== DATA SHOWN ==
======
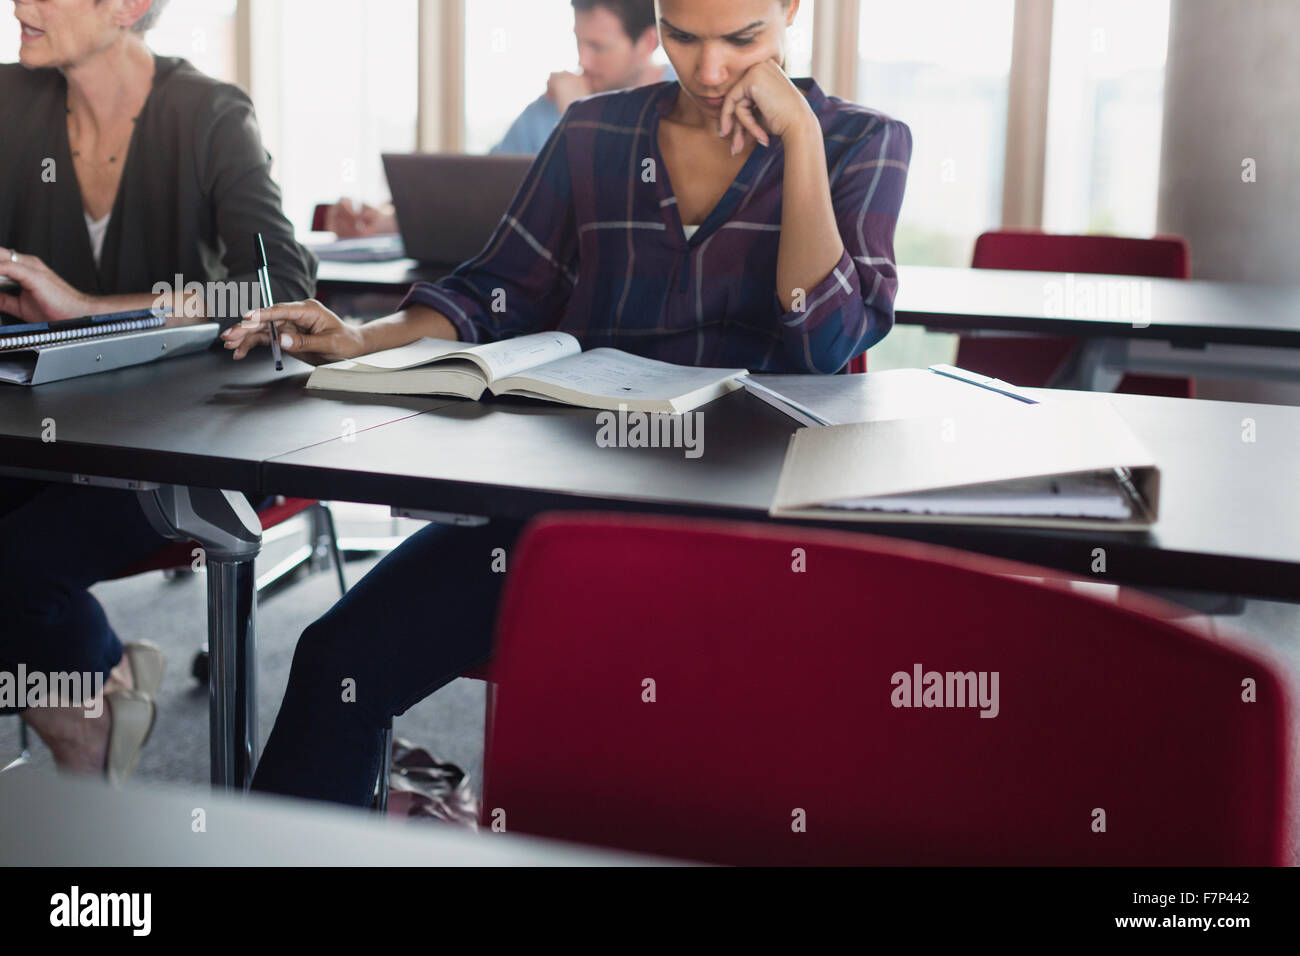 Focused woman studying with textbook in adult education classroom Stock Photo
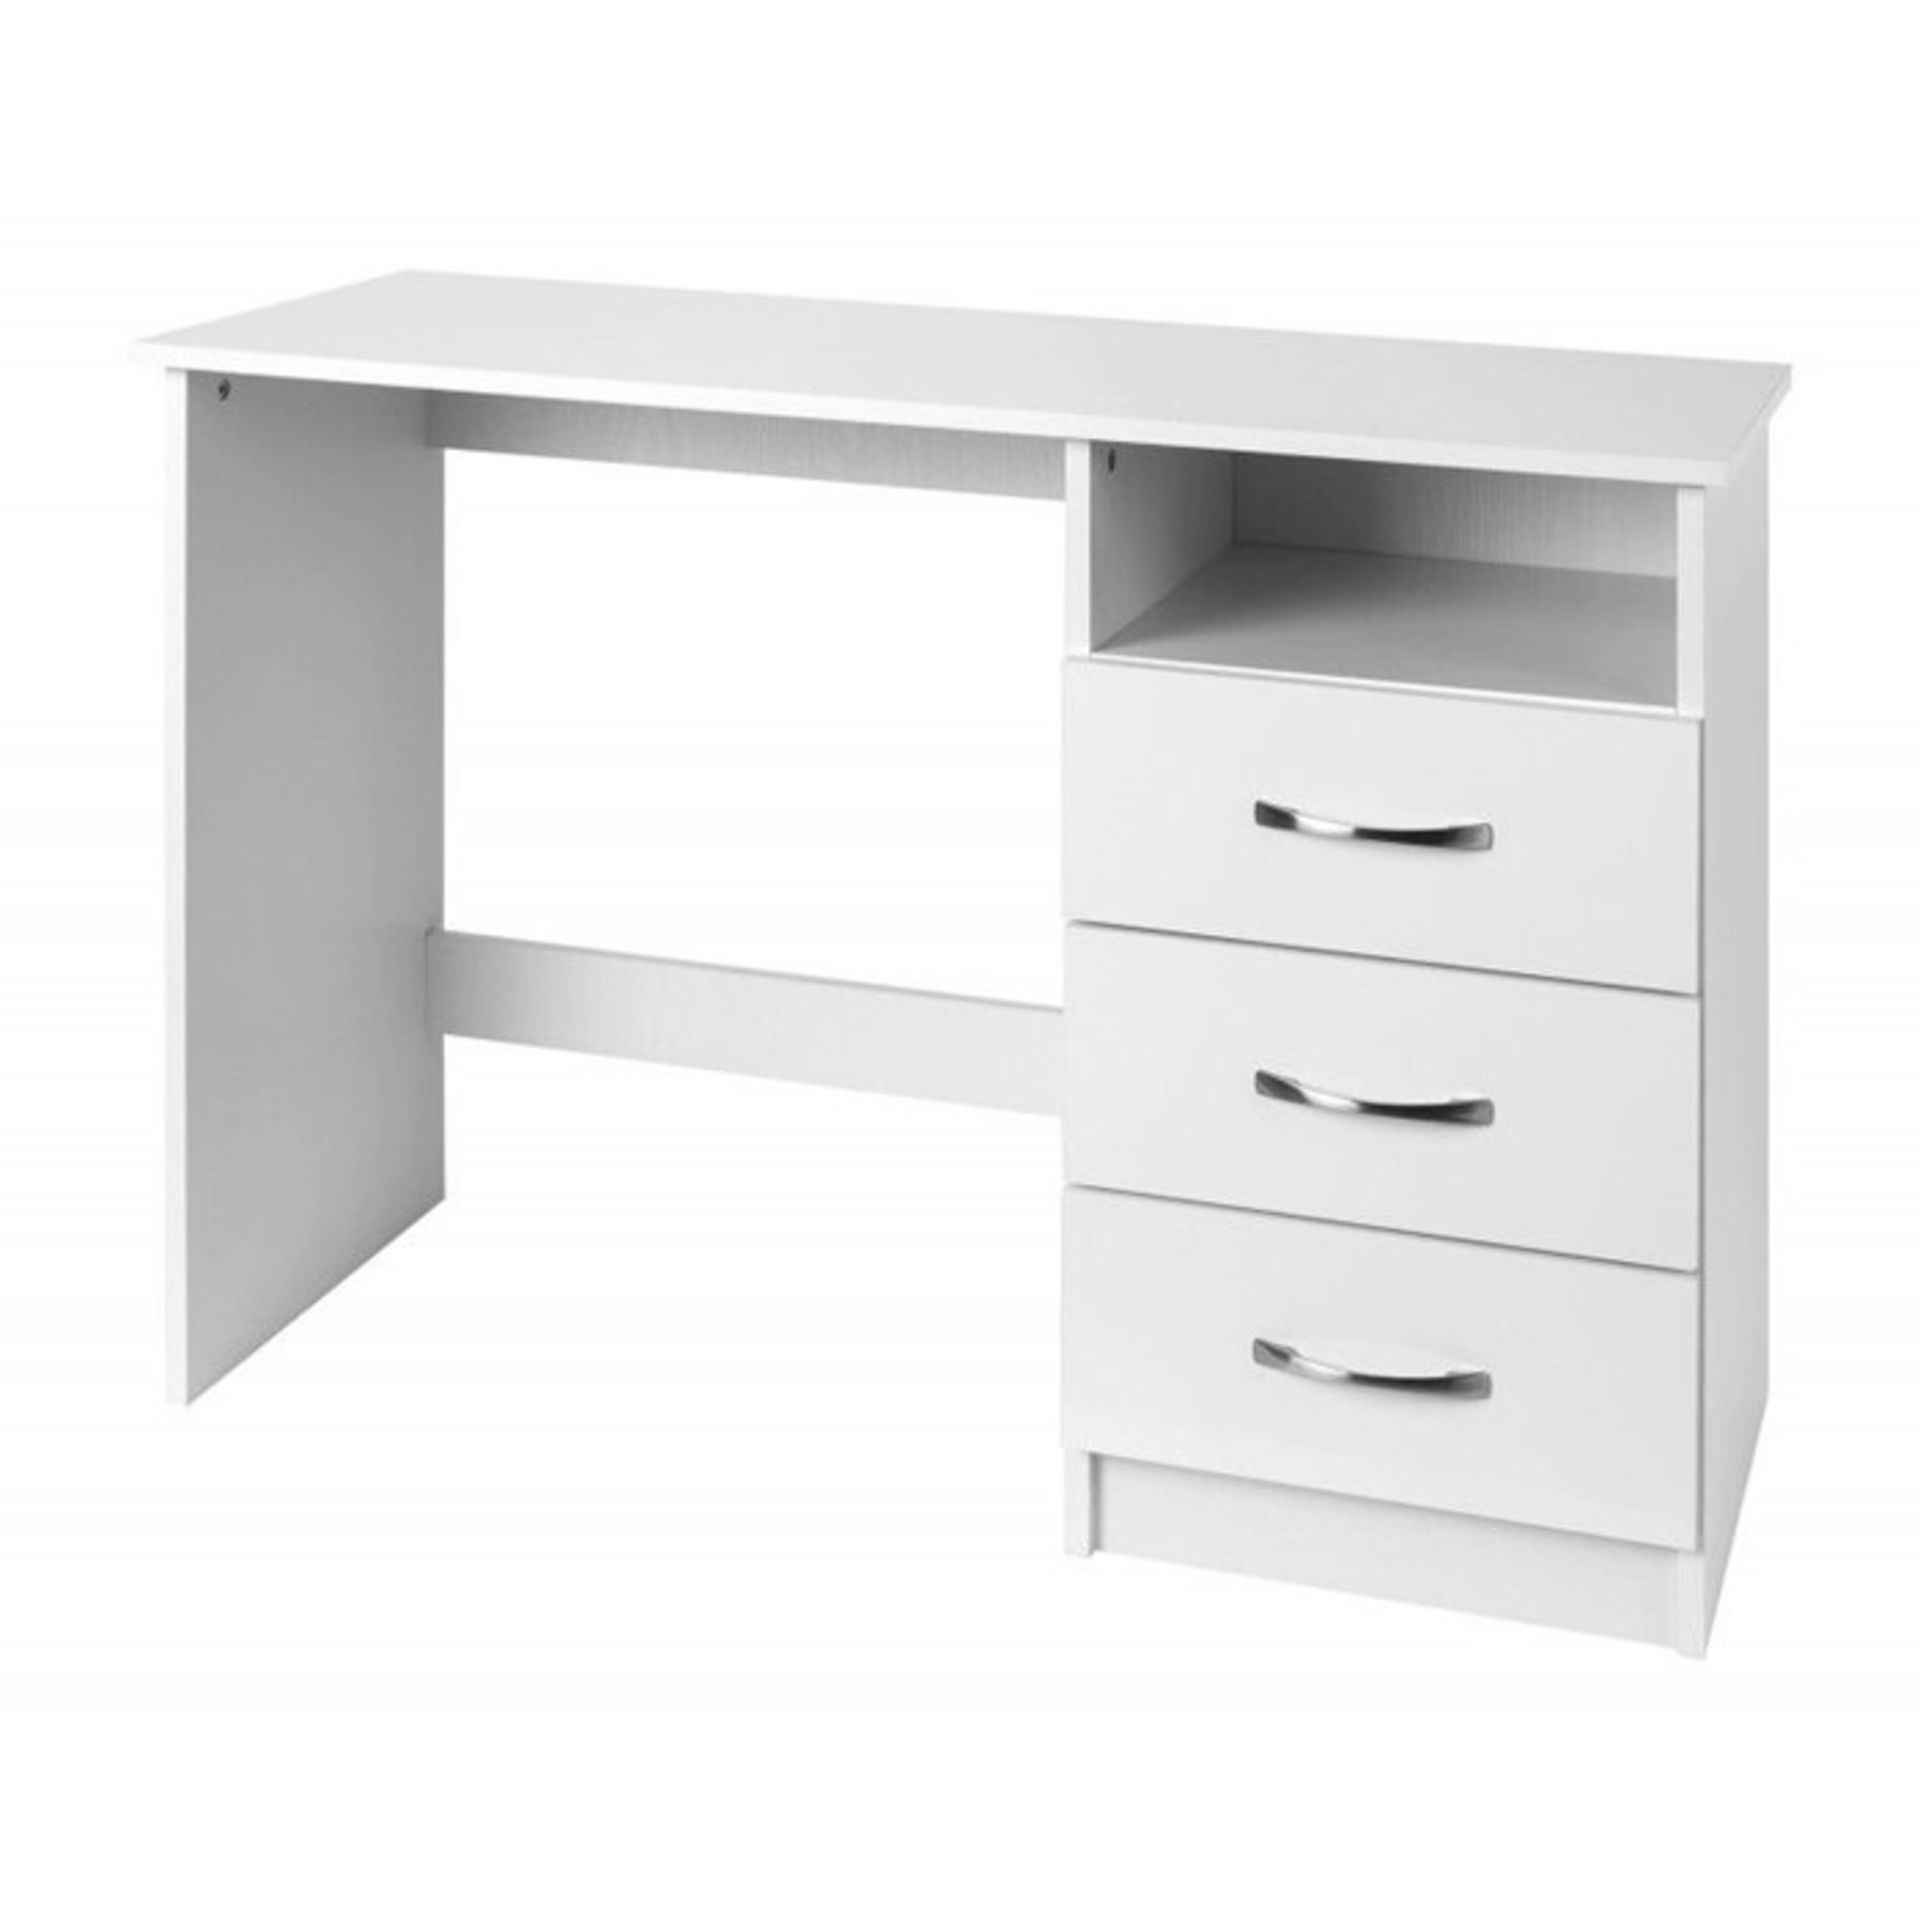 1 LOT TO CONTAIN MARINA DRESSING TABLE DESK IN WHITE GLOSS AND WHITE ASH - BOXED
======
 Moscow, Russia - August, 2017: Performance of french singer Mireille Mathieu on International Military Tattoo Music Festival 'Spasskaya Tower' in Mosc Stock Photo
======
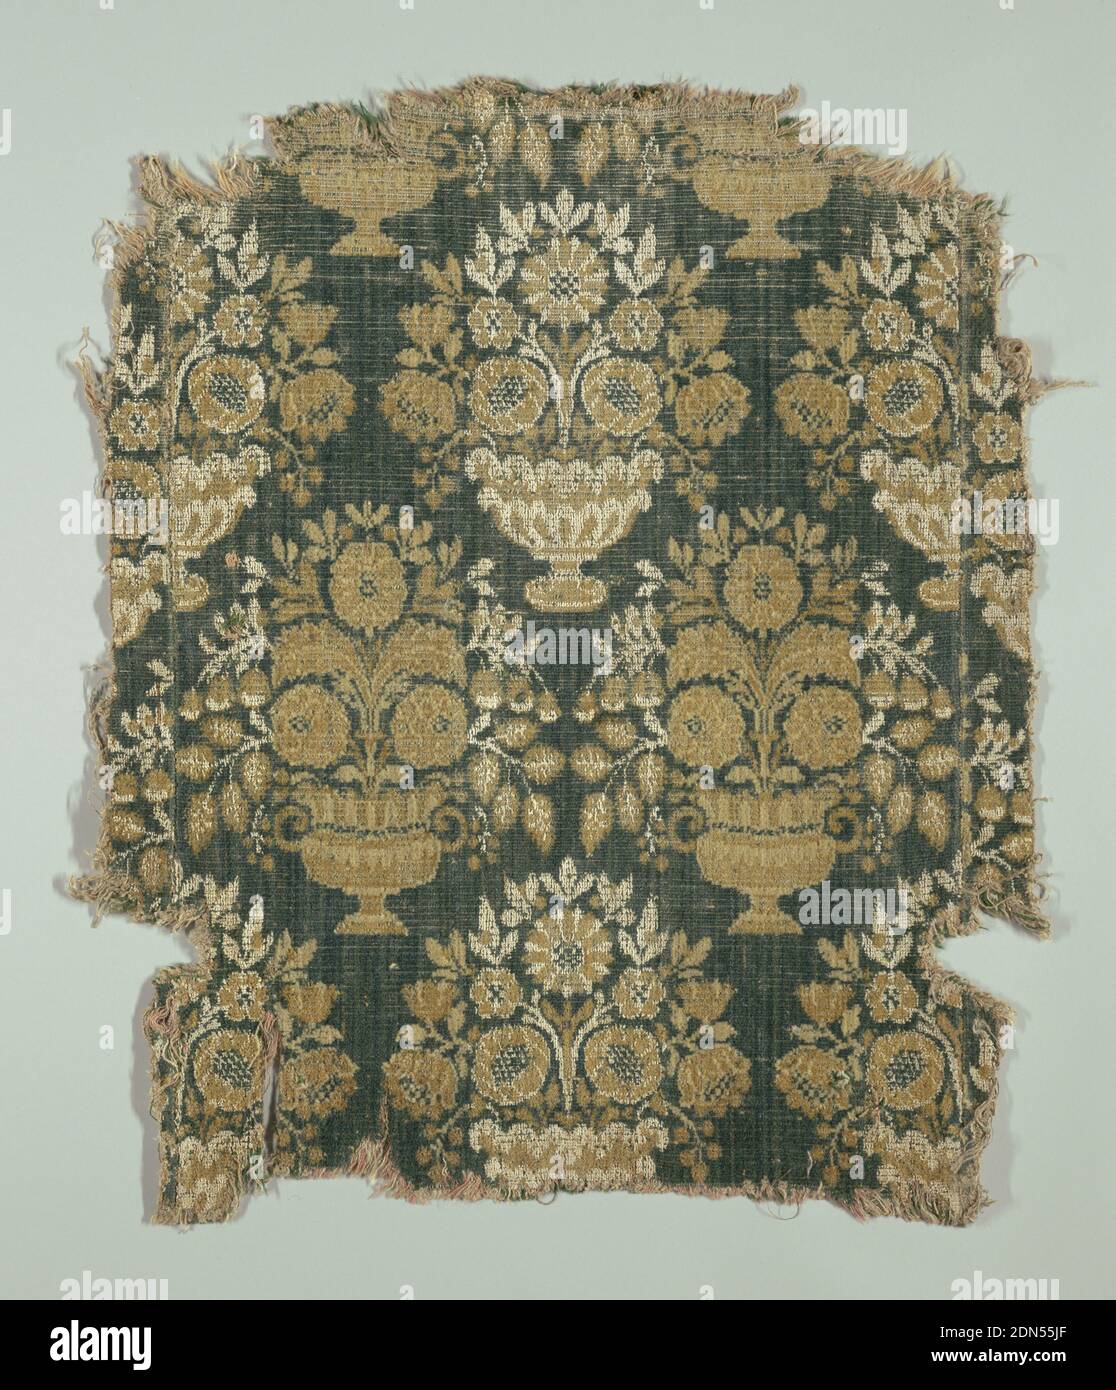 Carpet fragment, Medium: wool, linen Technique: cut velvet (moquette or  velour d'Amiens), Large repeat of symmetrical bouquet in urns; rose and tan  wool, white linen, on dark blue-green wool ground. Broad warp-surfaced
======
== ABOUT THIS EXERCISE ==
Going by the data above, give back only the lines from the one containing "Focused woman studying" through the one containing "1 LOT TO CONTAIN", exactly as they stand, both ends included and no images.

== REPLY TO THE TASK ==
 Focused woman studying with textbook in adult education classroom Stock Photo
 1 LOT TO CONTAIN MARINA DRESSING TABLE DESK IN WHITE GLOSS AND WHITE ASH - BOXED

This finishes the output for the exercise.